Xgboost: Allow releasing GPU memory

Created on 17 Jul 2019  路  11Comments  路  Source: dmlc/xgboost

One common piece of feedback we receive about the GPU algorithms is that memory is not released after training. It may be possible to release memory by deleting the booster object but this is not a great user experience.

See

4018

3083

2663

3045

The reason why we have not implemented this already is that the internal C++ code does not actually know when training is finished. The language bindings call each training iteration one by one and I don't believe we have any information inside the GPU training code to say if another training iteration is expected or not.

I see a few solutions:
1) We try to use some heuristic internally to decide if it is a good time to free all memory from inside GBTree.
2) We implement an API function for cleanup - this function can be specific to GPU memory or it can just be a general hint for xgboost to delete any working memory or temporary data structures. I do not like this option as it will propagate through the entire code base - the learner, booster, updaters and predictor will all have to implement these methods.
3) We implement a method in the language bindings where the booster object serializes itself and then deserializes from disk. Doing this will clear all temporary data structures and should leave the booster in a usable state to resume training or do prediction.

I am leaning towards option 3) but I think it relies on #3980 to make sure all parameters are correctly saved. Maybe it's still possible to do this with current serialization and not have any unexpected side-effects due to parameters not all being saved.

@trivialfis @sriramch @rongou

feature-request

All 11 comments

Or we pass num boost round to c++?

For those who look for a quick workaround till you fix it properly check my solution here

@seanthegreat7 Thanks.

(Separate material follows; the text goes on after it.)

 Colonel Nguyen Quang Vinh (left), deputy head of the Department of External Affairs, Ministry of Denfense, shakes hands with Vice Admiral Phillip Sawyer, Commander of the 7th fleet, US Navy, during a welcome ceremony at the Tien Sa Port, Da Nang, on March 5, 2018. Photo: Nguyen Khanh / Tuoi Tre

That's actually an interesting workaround.

None of the workarounds seem to be working on Windows 10. Tried deleting and loading the booster object (still crashed).

Tried predicting in a subprocess similar to @seanthegreat7 (but for R instead of python). The subprocess just ran indefinitely without finishing.

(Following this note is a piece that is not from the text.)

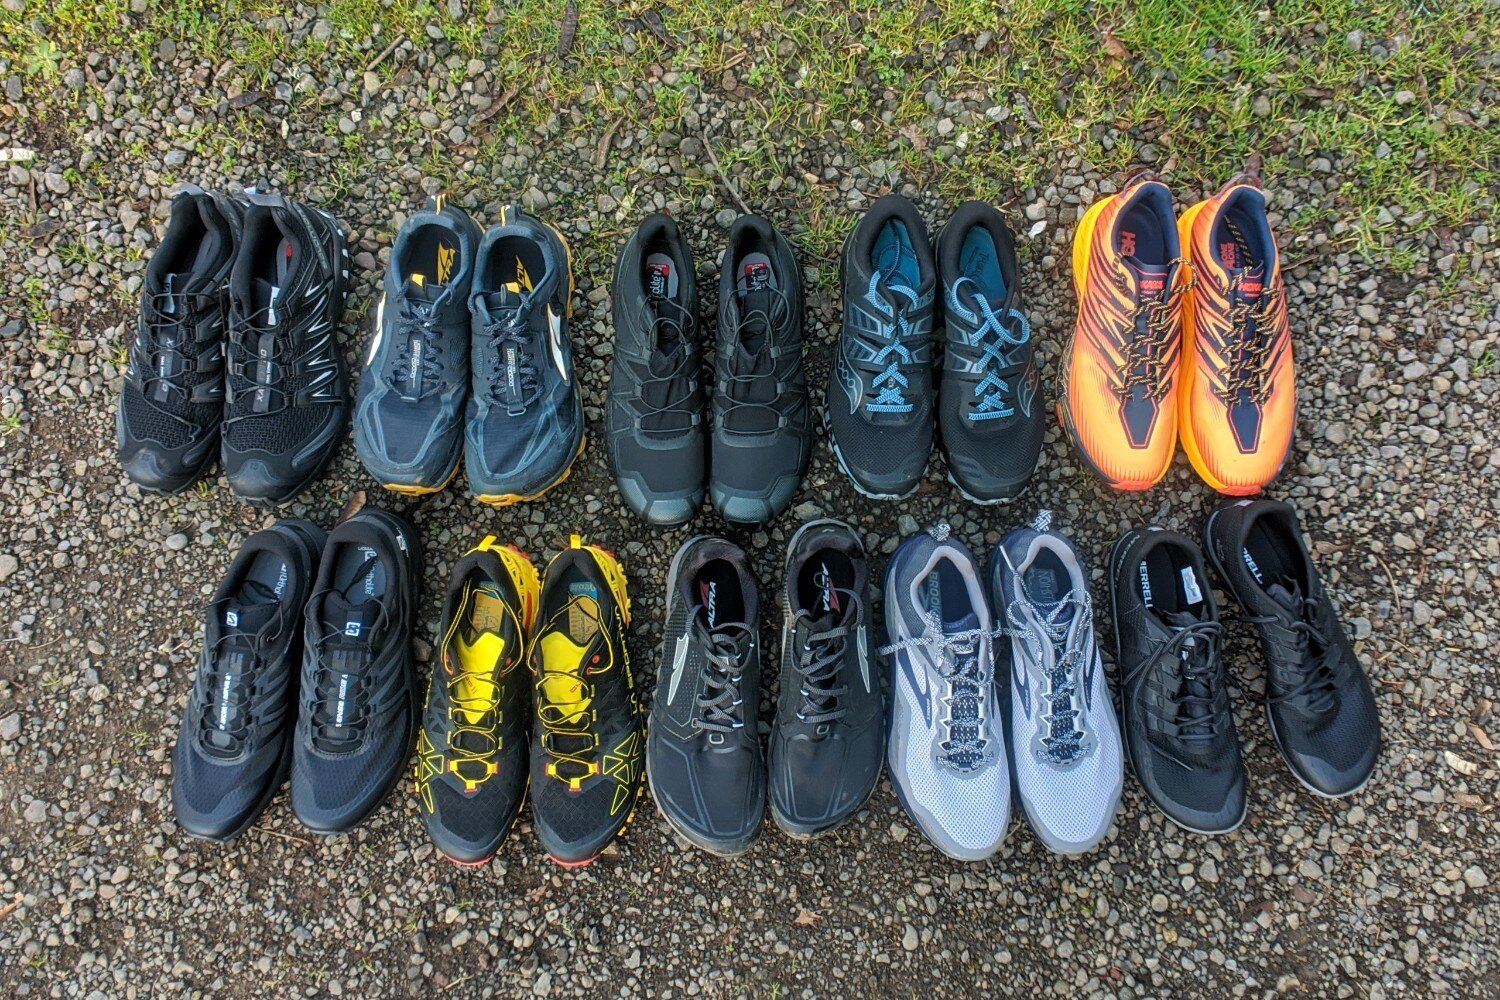 We own and use all of the trail running shoes we recommend

Would indeed be greatly appreciated if you provided a solution for this issue!

I'm finding this very difficult especially when performing a wide parameter search in a loop of some kind.

For example:

exp_models= []
for cnt, mdl_version in enumerate(range(200)):
    clf = xgb.XGBClassifier(booster='gbtree', objective='binary:logistic', 
                tree_method='gpu_hist', n_gpus=1, gpu_id=1, n_estimators=30) 
    trained_model = clf.fit(X_train, y_train, verbose=False)
    exp_models.append(trained_model)

This will crash, since I guess the trained_model hangs around on the GPU indefinitely. Alternatively, if I exp_models.append(trained_model.get_booster().copy()) all is well.

However, I'm also running into the same issue when submitting numerous jobs via a Dask scheduler (note not dask-xgboost).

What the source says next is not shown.